WHAT NEEDS TO BE DONE:
Pictures are to be left out; otherwise, copy exactly the lines from the line containing "A Tobia Scarpa" through the end of the data.

GIVEN DATA:
+===+

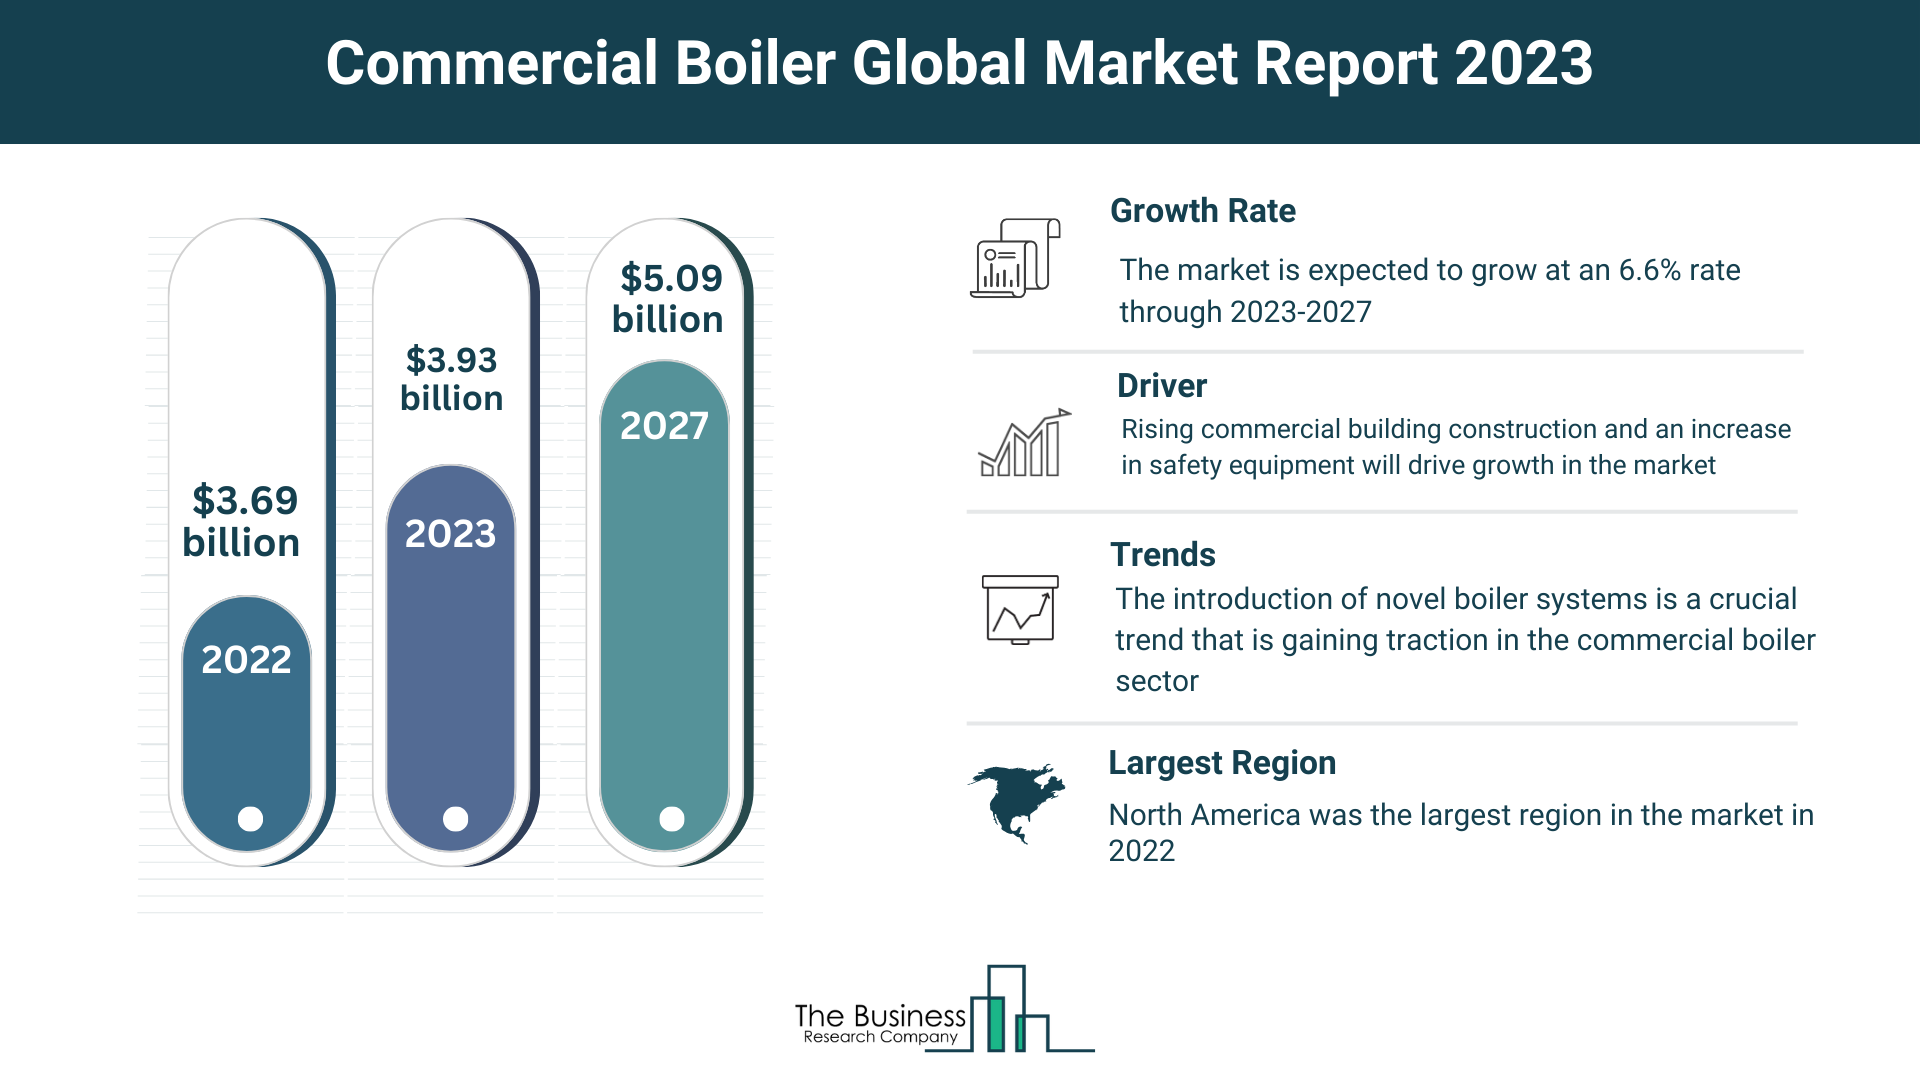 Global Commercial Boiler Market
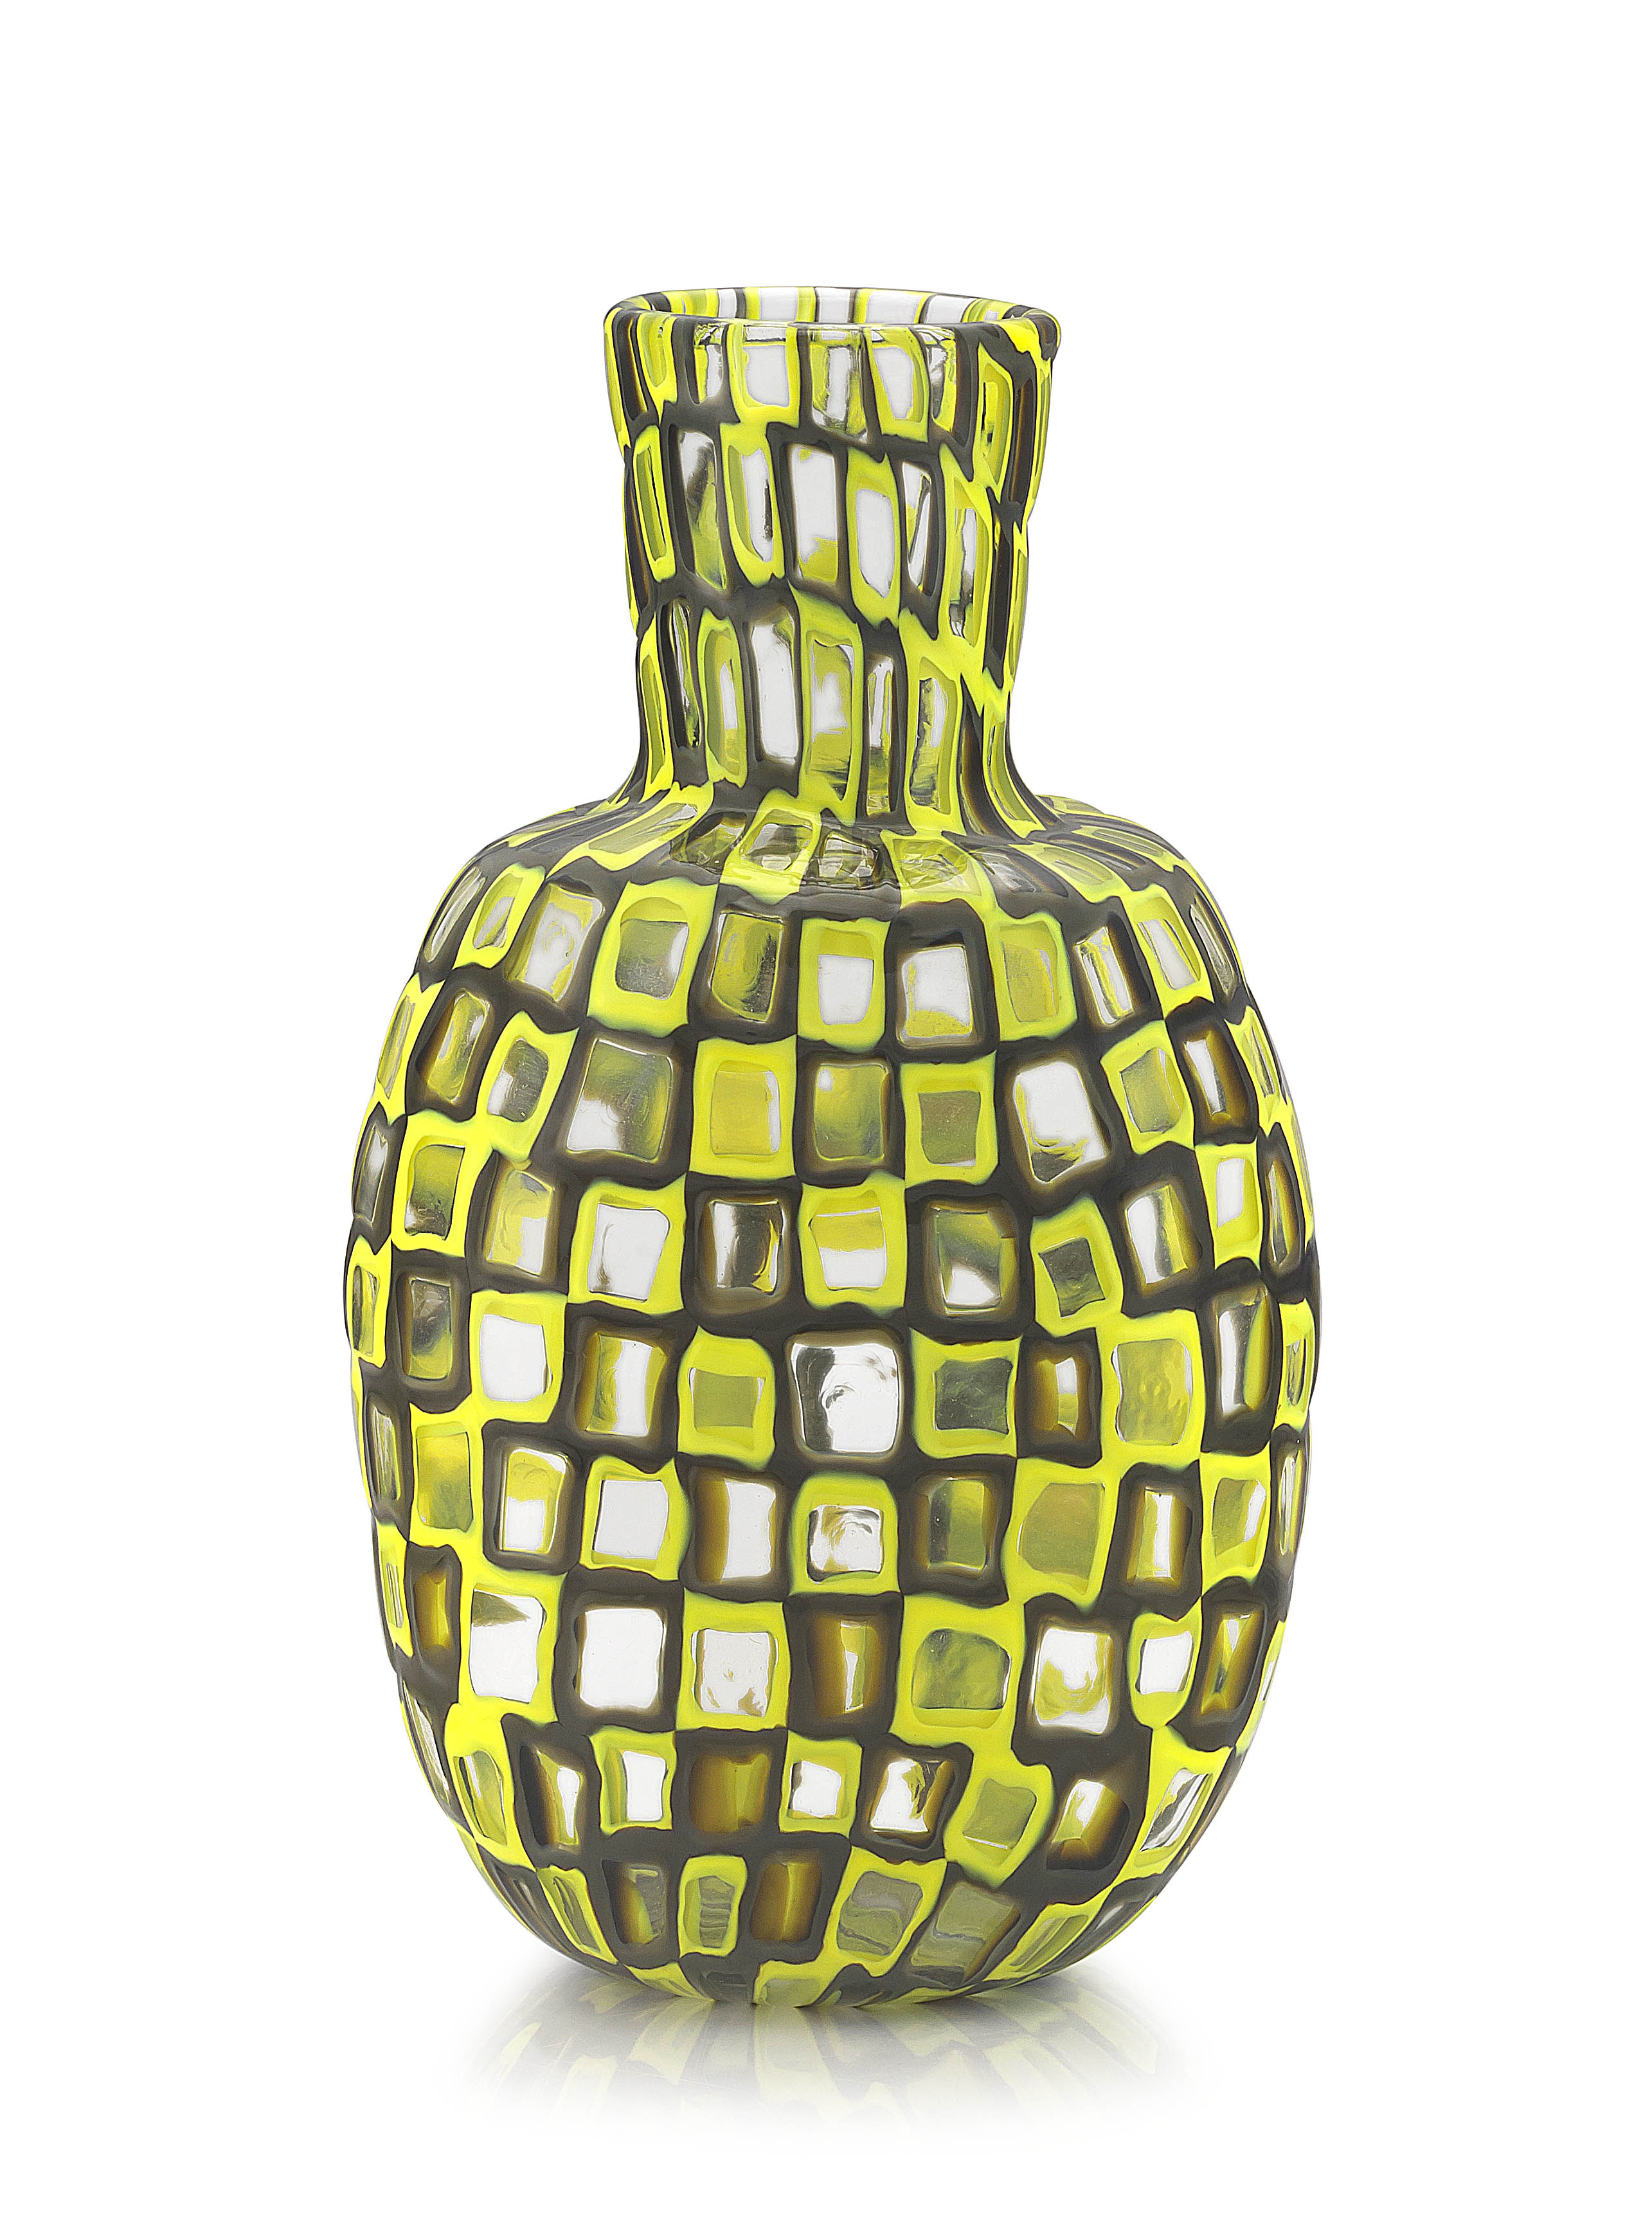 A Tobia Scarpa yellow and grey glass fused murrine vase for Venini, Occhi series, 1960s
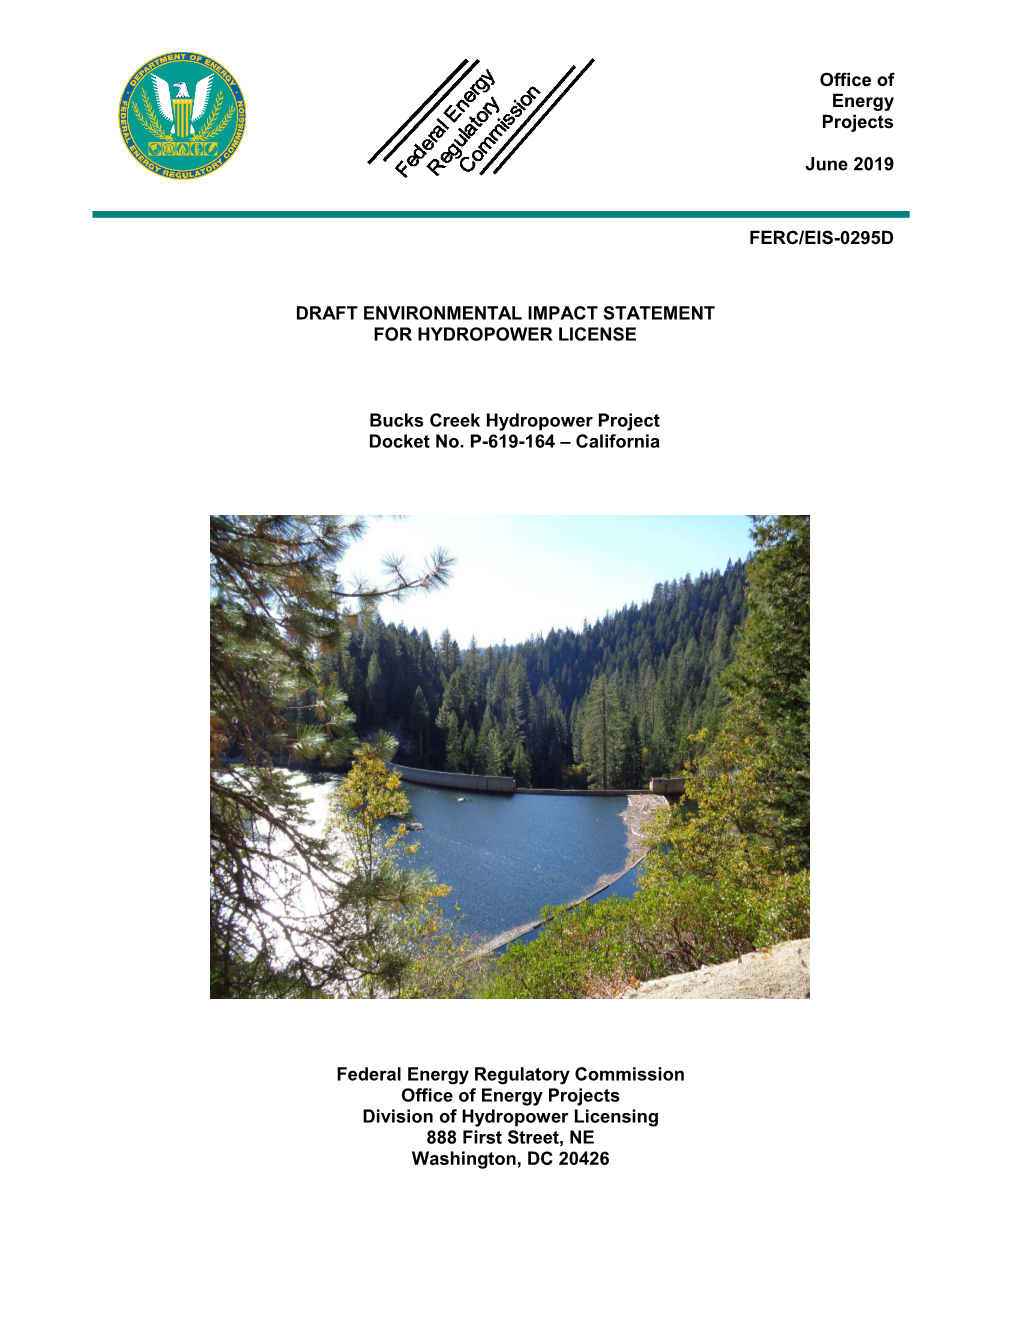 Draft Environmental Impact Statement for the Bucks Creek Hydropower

+===+

COMPLETED TASK:
 A Tobia Scarpa yellow and grey glass fused murrine vase for Venini, Occhi series, 1960s
 Draft Environmental Impact Statement for the Bucks Creek Hydropower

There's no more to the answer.